Requirement
Repeat the lines from the line with "Rolf-Dieter Piringer" to the line with "Bosch Werkzeug Schwingschleifer" in the listing below, keeping both end lines and adding nothing.

Available records
= Beginning of Section =

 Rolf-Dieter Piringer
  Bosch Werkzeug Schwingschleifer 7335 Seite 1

= End of Section =
= Beginning of Section =

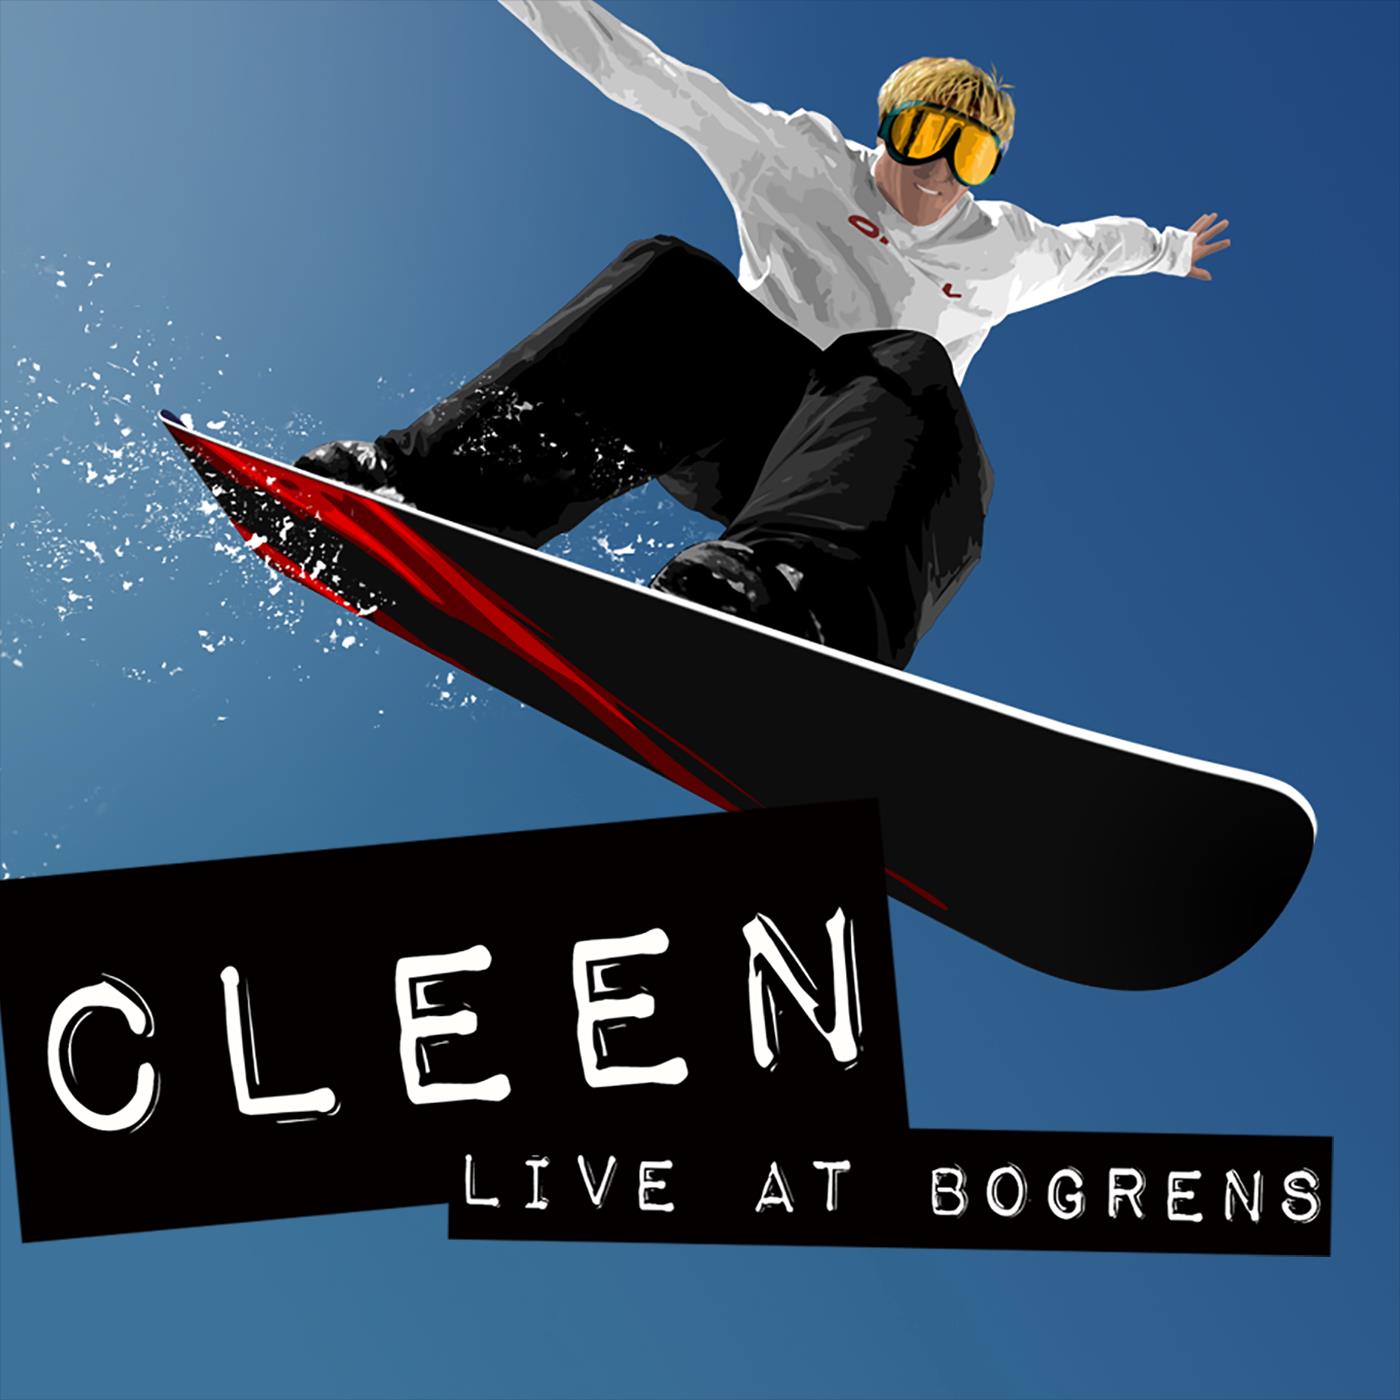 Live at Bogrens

= End of Section =
= Beginning of Section =

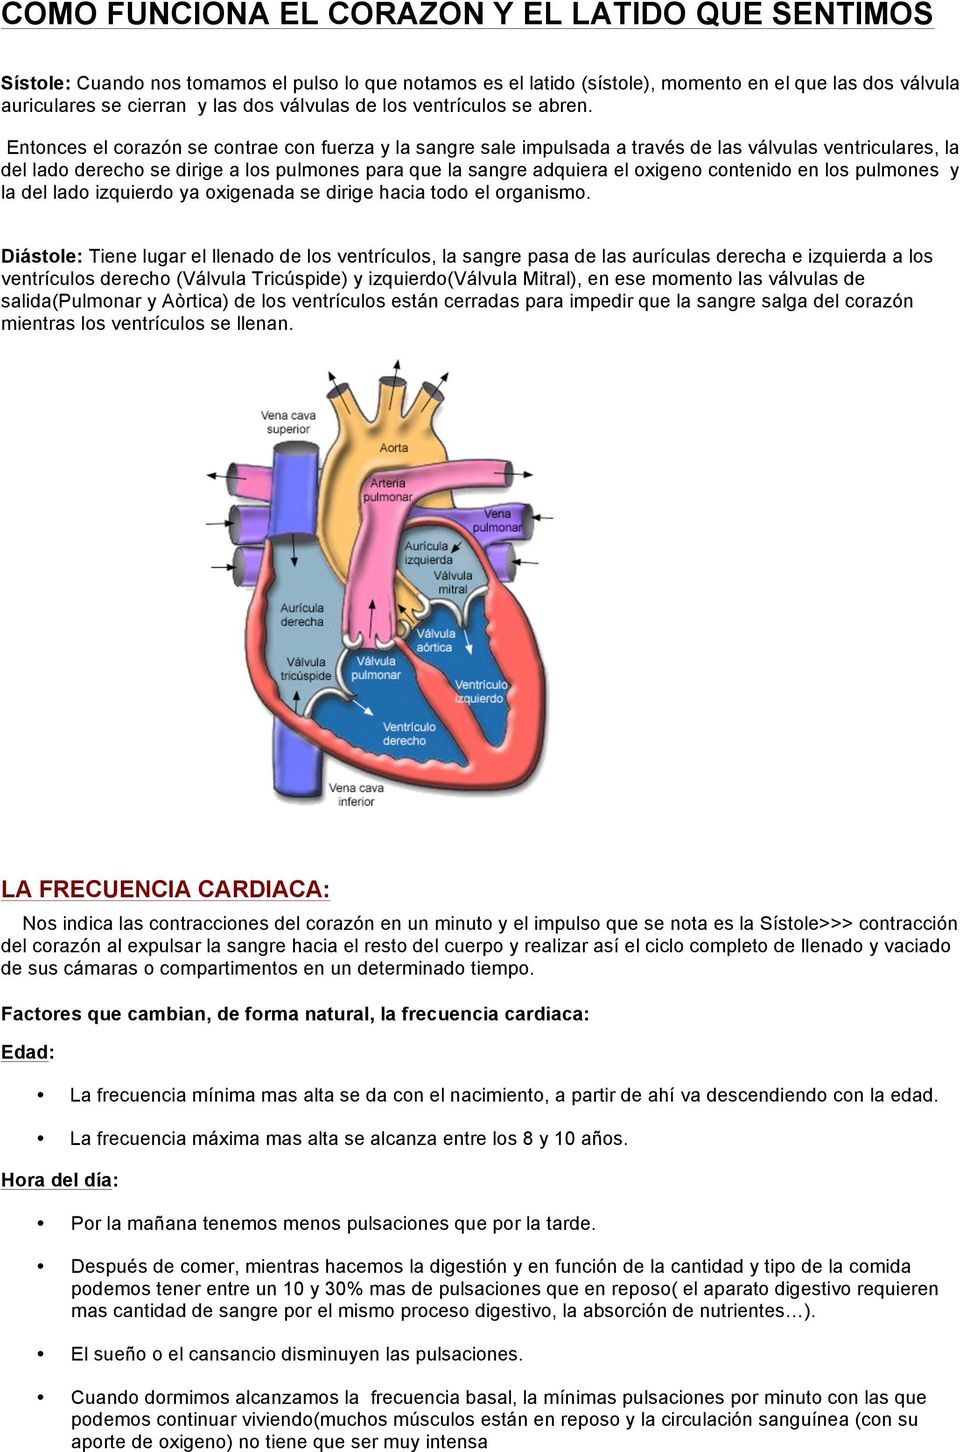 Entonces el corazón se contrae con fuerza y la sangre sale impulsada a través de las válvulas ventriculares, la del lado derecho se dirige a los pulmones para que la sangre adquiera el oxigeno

= End of Section =

Output below
 Rolf-Dieter Piringer
  Bosch Werkzeug Schwingschleifer 7335 Seite 1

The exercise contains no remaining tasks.